Rado's motion for reconsideration must be denied because the Custody Account is not a "trust account." The Custody Account is a nondiscretionary account governed by the Custody Agreement. As set forth in that agreement, DBTCA was not responsible for advising Rado on the merits of its investment decisions. DBTCA specifically disclaimed in the Custody Agreement any responsibility for determining the suitability of Rado's investments, "regardless of any information the Bank has about [Rado] or the investment or its issuer." In the 2012 and 2016 powers of attorney, Rado expressly authorized Haberer "to buy, sell, and trade in securities" at DBTCA "for [Rado's] account and risk."

Because the Custody Account was an ordinary nondiscretionary account and not a "trust account," DBTCA does not owe a fiduciary duty to Rado and does not have "a duty to make a reasonable inquiry" based on Haberer's alleged mishandling of the Rado funds. "[A] depositary bank has no duty to monitor fiduciary accounts maintained at its branches in order to safeguard funds in those accounts from fiduciary misappropriation." Id. at 287 (citation omitted).

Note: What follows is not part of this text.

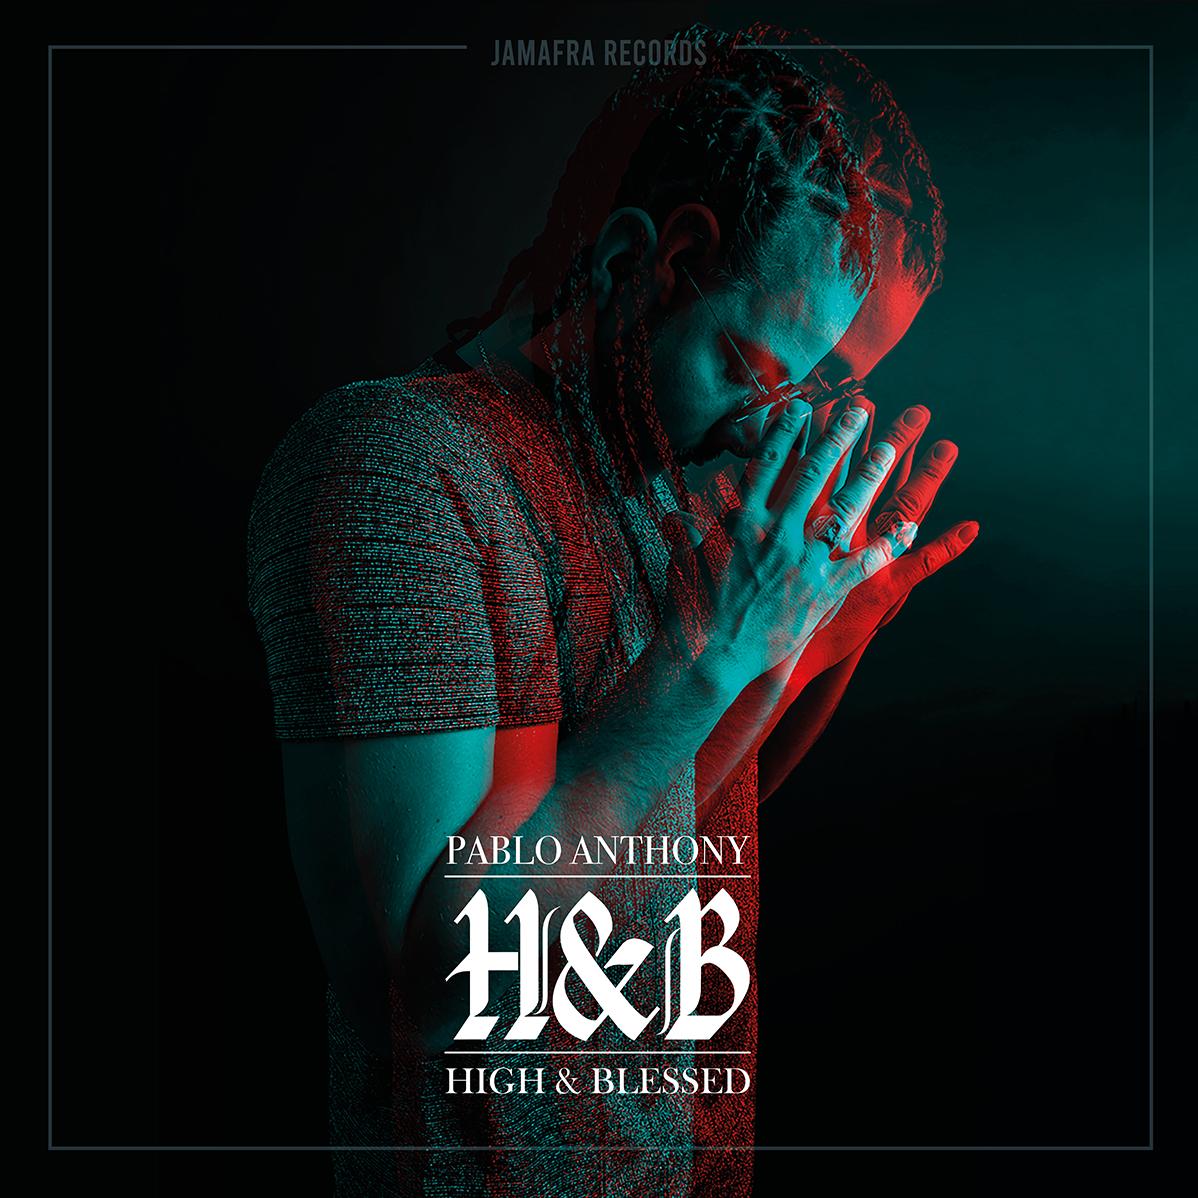 Pablo Anthony : H&B (High & Blessed) (Jamafra Records)

Rado insists that the Custody Account is a "trust account" because it held assets for the benefit of the Diego Trust. It argues that, under Lerner, the "label" of the account as a nondiscretionary account is "irrelevant"; so long as the bank has actual knowledge that the account contains trust assets, Lerner imposes a duty. Rado is incorrect. Even assuming DBTCA had actual knowledge that Rado was owned by the Diego Trust and that its assets were "trust assets," DBTCA was only asked to open a nondiscretionary custodial account. "[I]n determining whether a duty exists, courts must be mindful of the precedential, and consequential, future effects of their rulings, and limit the legal consequences of wrongs to a controllable degree." In re N.Y.C. Asbestos Lit., 5 N.Y.3d 486, 493 (2005) (citation omitted).

Conclusion

Rado's May 9, 2019 motion for reconsideration is denied. Rado's May 9 motion for leave to amend its counterclaims is denied as futile. See Kim v. Kimm, 884 F.3d 98, 105 (2d Cir. 2018).